Recommendations by Use Case
API backend with PostgreSQL: GitHub Actions with postgres service container for testing. Use matrix builds to test multiple Node.js versions.
Microservices architecture: GitLab CI works well with monorepo setups. Use rules to filter which services deploy based on changed paths.
Serverless functions: AWS SAM or Serverless Framework with GitHub Actions. The aws-actions/configure-aws-credentials action handles authentication.
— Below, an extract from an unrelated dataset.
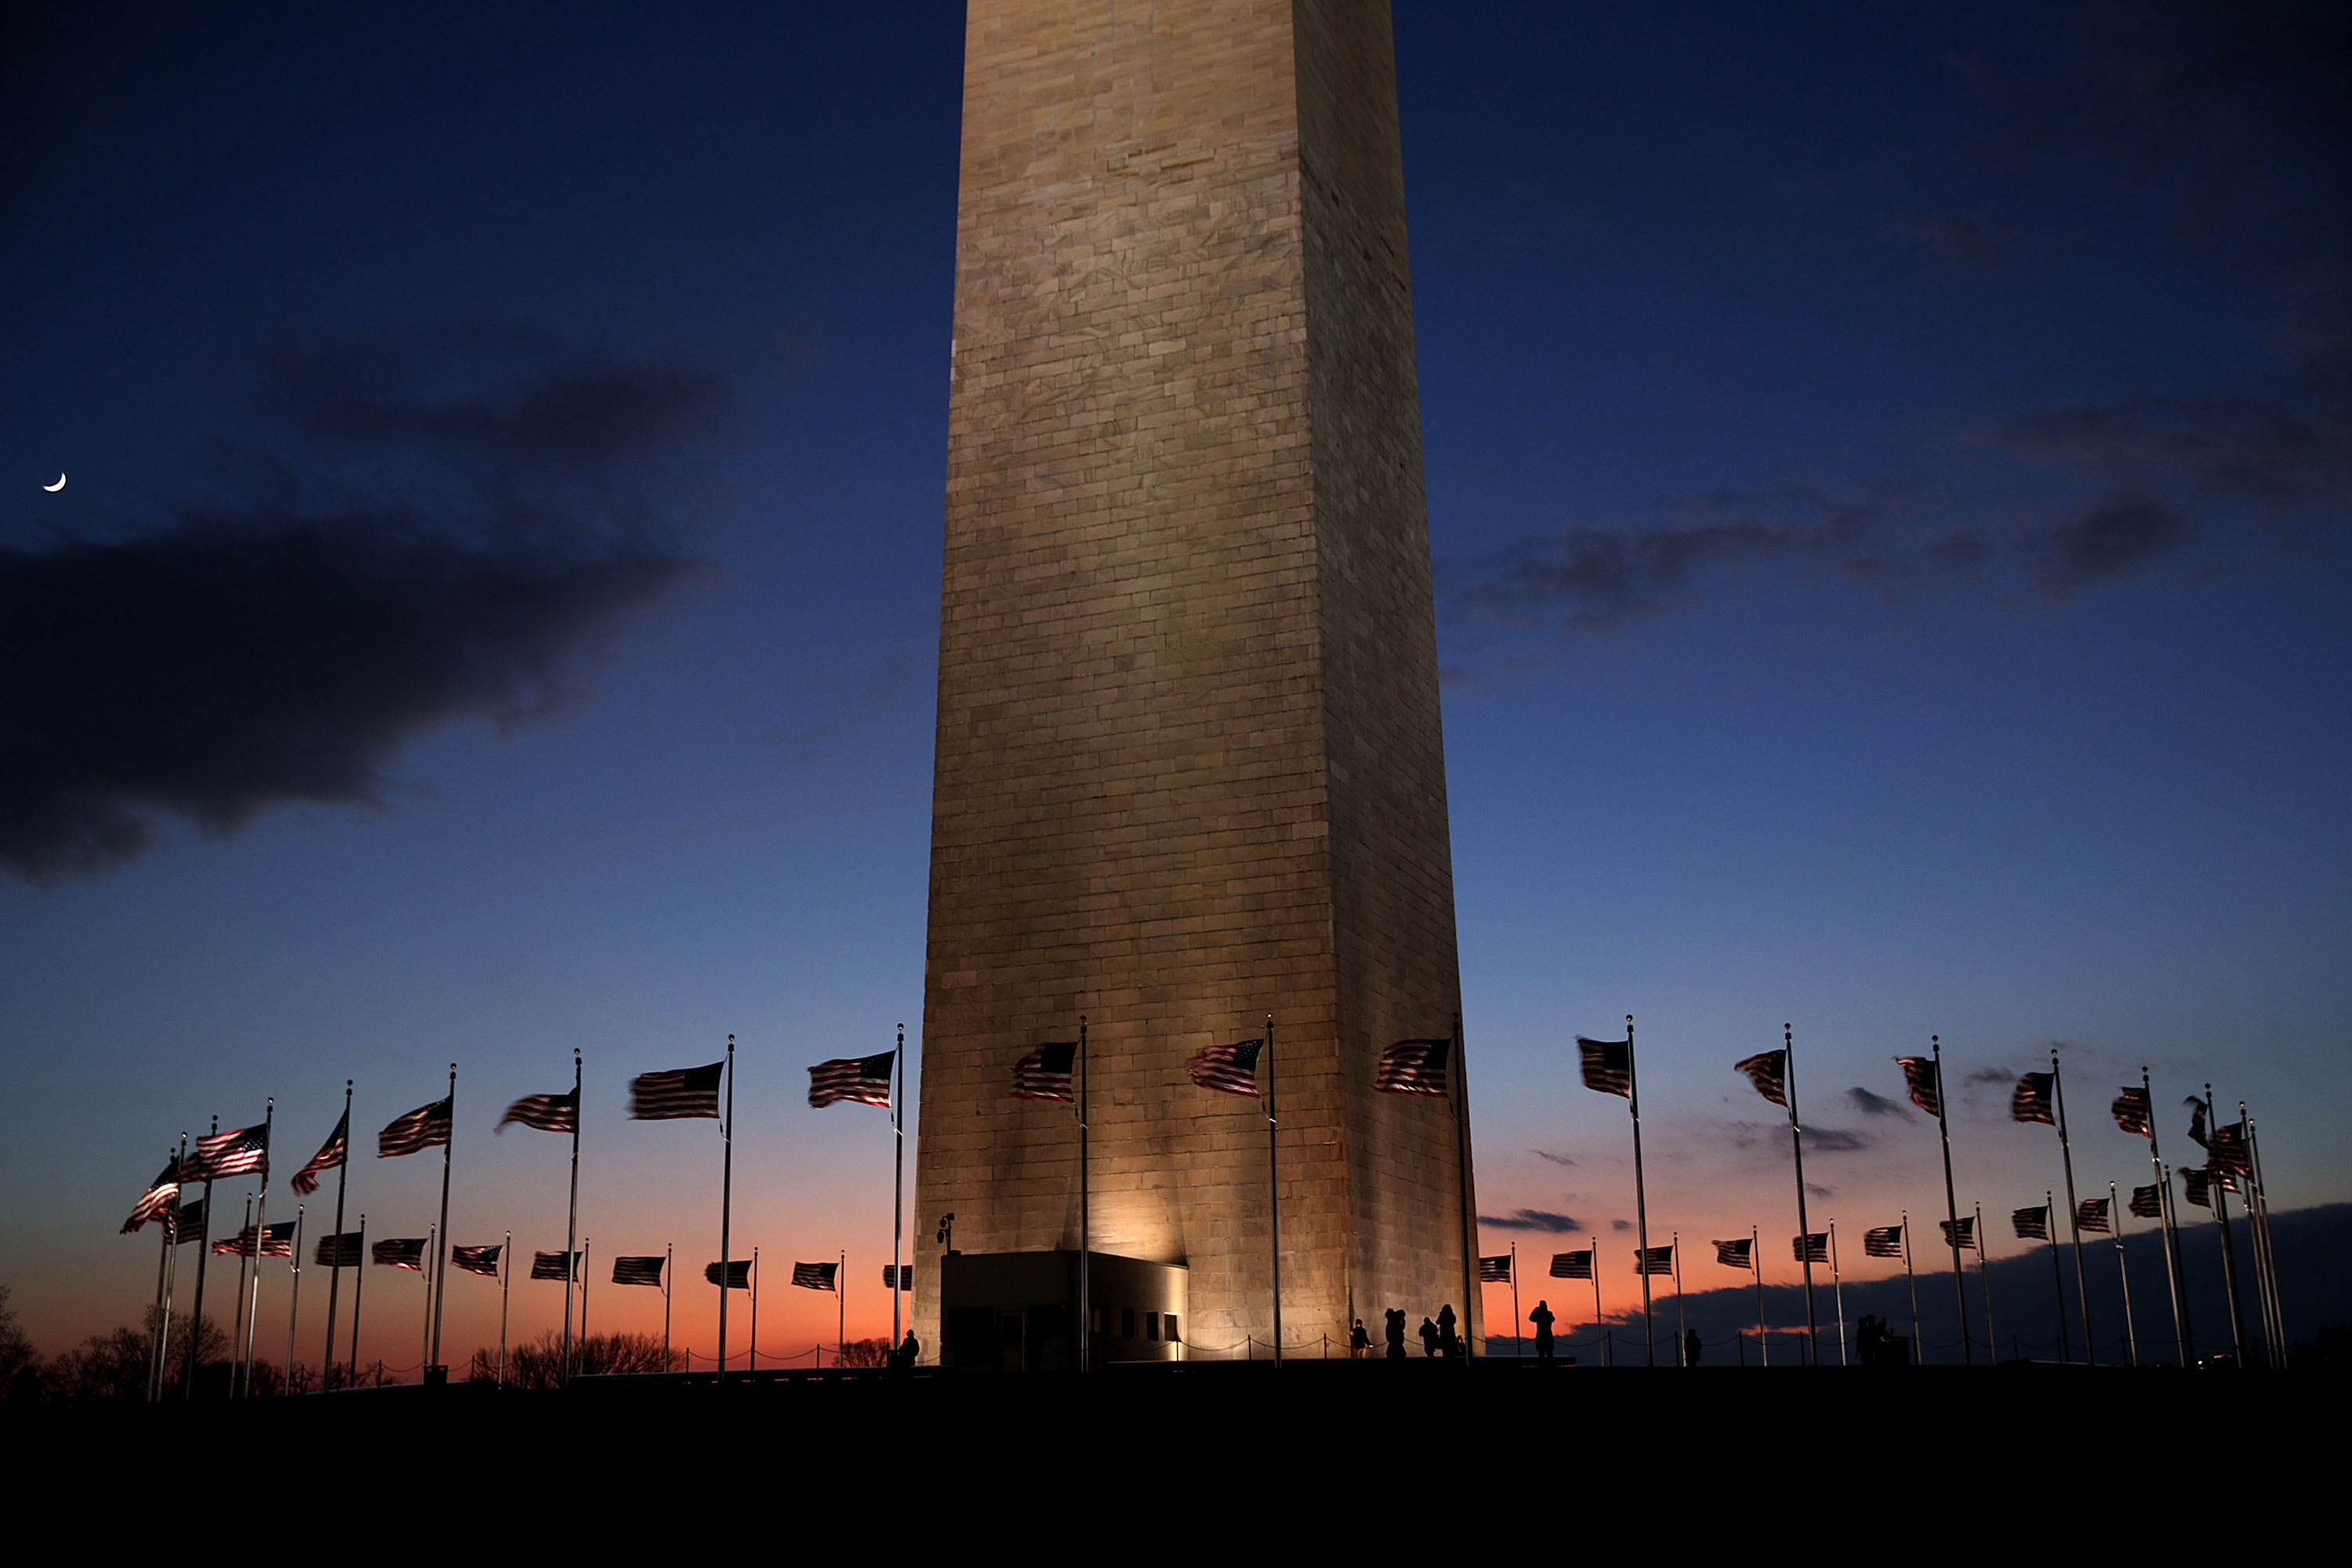 Washington Monument goes dark, officials investigate

Containerized applications: CircleCI excels with Docker support. Use setup_remote_docker for building and pushing images.
Infrastructure as Code
Small teams benefit from treating infrastructure the same as application code. A minimal Terraform setup for CI/CD:
# main.tf
provider "aws" {
region = "us-east-1"
}
resource "aws_codebuild_project" "backend_ci" {
name = "backend-ci"
service_role = aws_iam_role.codebuild_role.arn
source {
type = "GITHUB"
location = "https://github.com/your-org/backend.git"
}
environment {
compute_type = "BUILD_GENERAL1_SMALL"
image = "aws/codebuild/standard:6.0"
type = "LINUX_CONTAINER"
}
}
Conclusion
For two-person remote backend teams, GitHub Actions provides the best balance of convenience and capability. The integration is seamless, configuration lives in your repo, and the free tier suffices for most projects. GitLab CI offers a compelling alternative if you already use GitLab or need self-hosted runners. CircleCI suits teams prioritizing execution speed and advanced parallelism.
Regardless of tool choice, prioritize fast feedback loops, automated testing, and clear deployment workflows. The goal is spending less time on infrastructure and more time building features your users need.
The best CI/CD pipeline is one your team actually uses consistently. Start simple, iterate, and add complexity only when your workflow demands it.